LES ANNAMITES

Le Tonkin et la mère Patrie

Annamite de garde au Trocadéro en 1916

Après avoir débarqué à Da Nang, en 1858, les Français ont fondé la colonie de Cochinchine en 1865 et établi un protectorat sur le Tonkin en 1884. La République de Ferry a intensifié l’exploitation coloniale entamée sous le Second Empire, assemblant un immense empire au sein duquel la péninsule indochinoise faisait figure de joyau. Les combats de la Première Guerre mondiale ont peu touché l’Extrême-Orient, aux richesses convoitées par l’ensemble des puissances coloniales.
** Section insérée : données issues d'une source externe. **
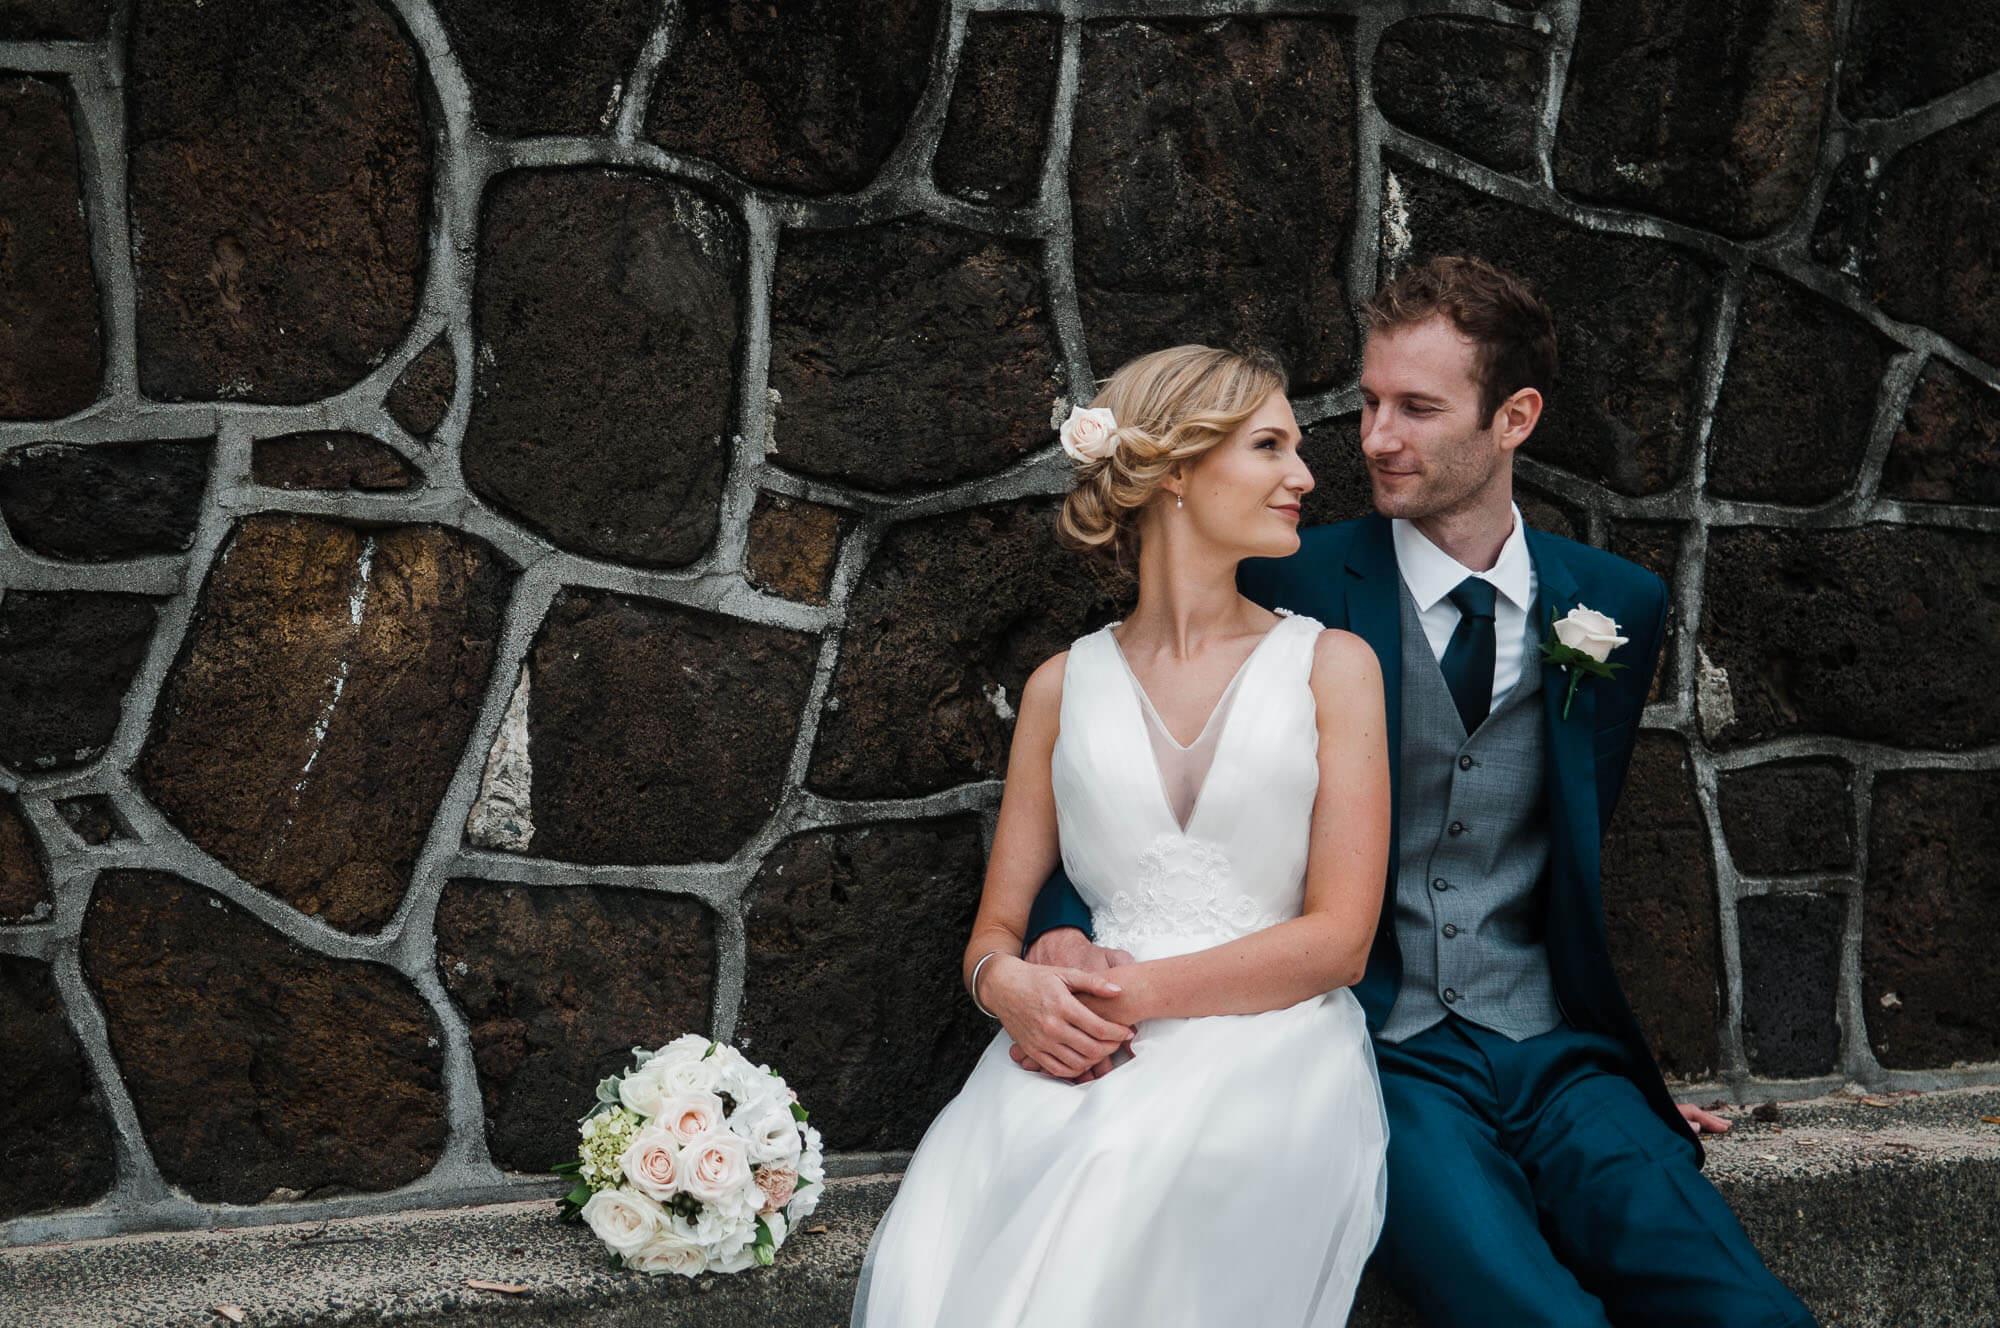 bride-and-groom-sitting-on-wall.jpg

Mais le recrutement traditionnel de supplétifs, la nécessité de remplacer les nombreux soldats tombés au début du conflit, la volonté de développer le patriotisme parmi la population indigène, conduisent les métropoles à puiser dans le vivier colonial. En quatre années de guerre, la France a ainsi fait venir d’Indochine 43430 tirailleurs annamites (centre de l’actuel Vietnam) et tonkinois (nord), mobilisés surtout dans des bataillons d’étape chargés de l’aménagement et du transport ; 1123 sont morts au champ d’honneur. En outre, 48981 travailleurs indochinois ont été envoyés aux usines françaises pour remplacer les ouvriers partis au front.

Charpentier annamite rencontré à Couvrelles en septembre 1917

Selon les stéréotypes raciaux en vigueur dans l’armée, les Indochinois, censément plus rusés que les autres indigènes, sont flegmatiques et donc faits pour la défensive plus que pour l’offensive. Leur apparence frêle dissimule une belle résistance à la fatigue, signe de leur courage. Cela dit, les Asiatiques ont été utilisés comme manœuvres plutôt que comme combattants. Leurs bataillons d’étapes ont été chargés de la tâche stratégique, mais peu valorisante, de combler de cailloux les ornières de la route qui relie Bar-le Duc à Verdun, la future « Voie sacrée ». Aucun régiment indochinois n’a été créé, l’encadrement des unités où ils étaient versés séparément les connaissait mal et hésitait à les engager en première ligne. Mais leur comportement au chemin des Dames, en Alsace et à Salonique a démenti ce manque de confiance. Après la guerre, le sacrifice consenti a suscité chez eux un désir de reconnaissance et d’émancipation.